Quantifying the Internal Structure of Categories Using a Neural Typicality Measure. Davis, Poldrack. Cerebral Cortex 2014

  1. Deals with the internal structure/representation of category information
  2. <Seems like assumption is there is something of an exemplar representation>
  3. “Internal structure refers to how the natural variability between-category members is coded so that we are able to determine which members are more typical or better examples of their category. Psychological categorization models offer tools for predicting internal structure and suggest that perceptions of typicality arise from similarities between the representations of category members in a psychological space.”
  4. Based on these models, develop a “neural typicality measure” that checks if a category member has a pattern of activation similar to other members of its group, as well as what is central to a neural space.
  5. Use an artificial categorization task, find a connection between stimulus and response
    1. “find that neural typicality in occipital and temporal regions is significantly correlated with subjects’ perceptions of typicality.”
  6. “The prefrontal cortex (PFC) is thought to represent behaviorally relevant aspects of categories such as
    rules associated with category membership (…). Motor and premotor regions may represent habitual responses associated with specific categories (…). The medial temporal lobe (MTL) and subregions of the striatum are thought to bind together aspects of category representations from these other systems.”

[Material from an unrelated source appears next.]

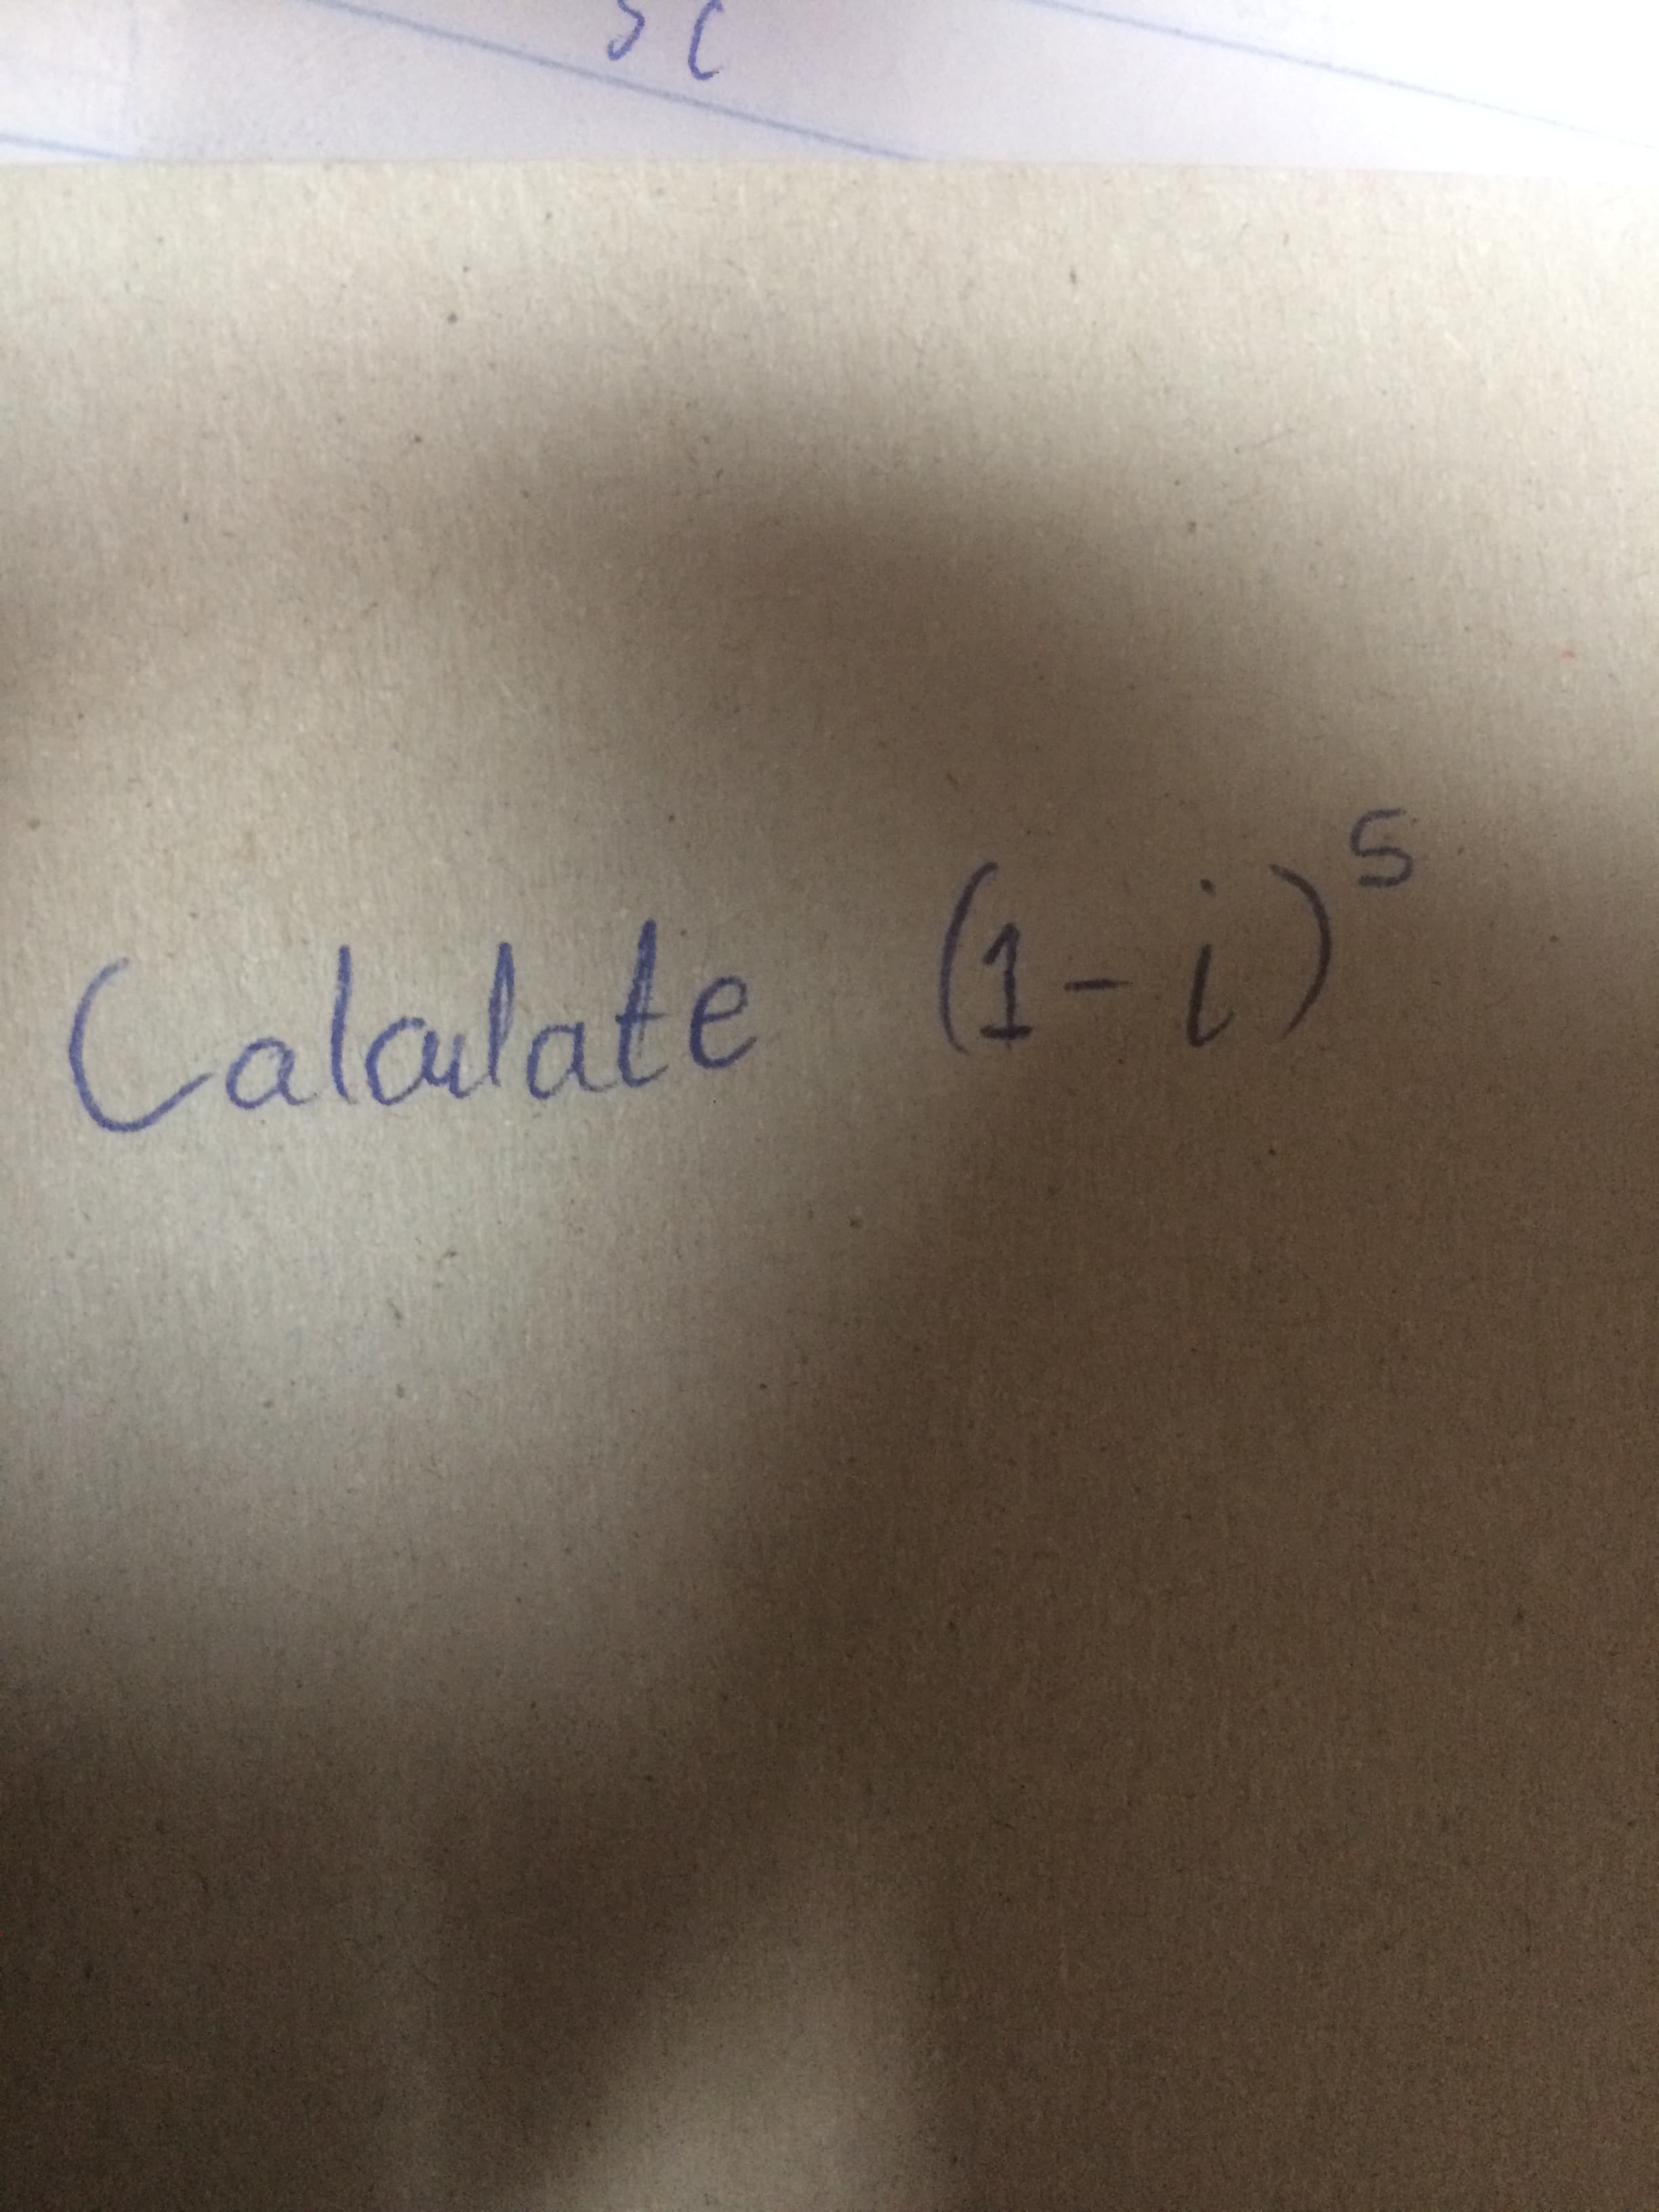 Calalate (1-)
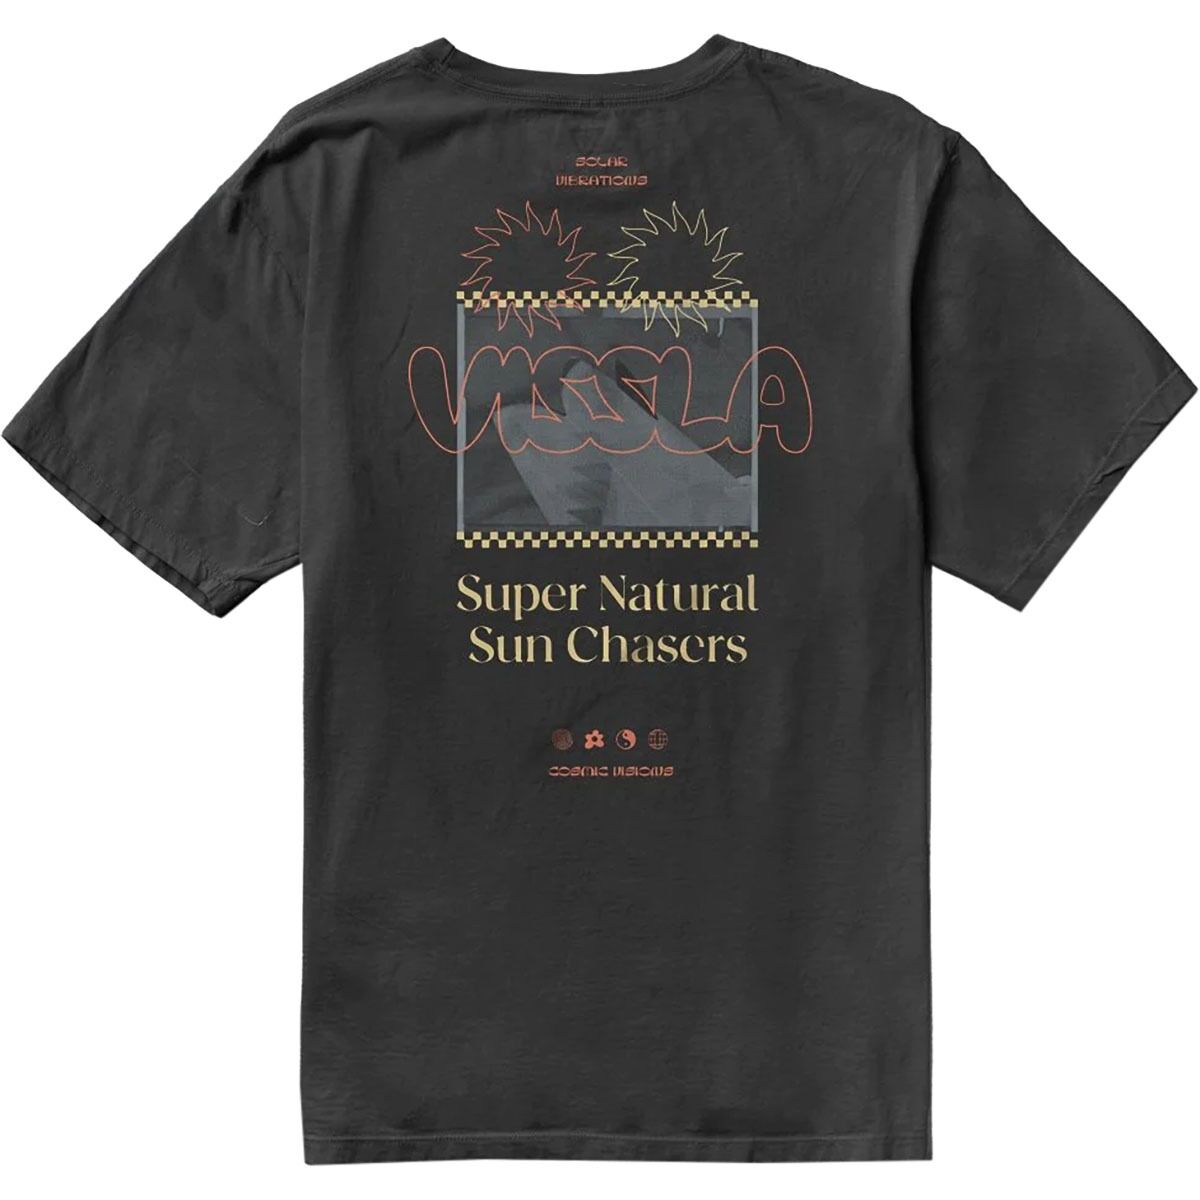 Super Cosmics Organic T-Shirt - Men

  7. Different areas and different neurons and patterns of activation in an area can “reliably discriminate
    between many real world object categories”
  8. Consider examples of category data as having some sort of “internal structure” or feature representation specific to that class.
    1. These features can say things like how typical a concrete example is, and is related to how quickly and accurately classification occurs
  9. “Depending on the specific model, a category representation may be a set of points associated with a given category (exemplar models; …), a summary statistic ( prototype models; …), or a set of statistics (clustering models; …) computed over points associated with a category.”
  10. Items closer to other examples in the class, or to the prototype are considered to be most typical or likely
  11. But they don’t propose that an accurate model is exactly the same thing a computer does, as there are examples of where nonintuitive things happen.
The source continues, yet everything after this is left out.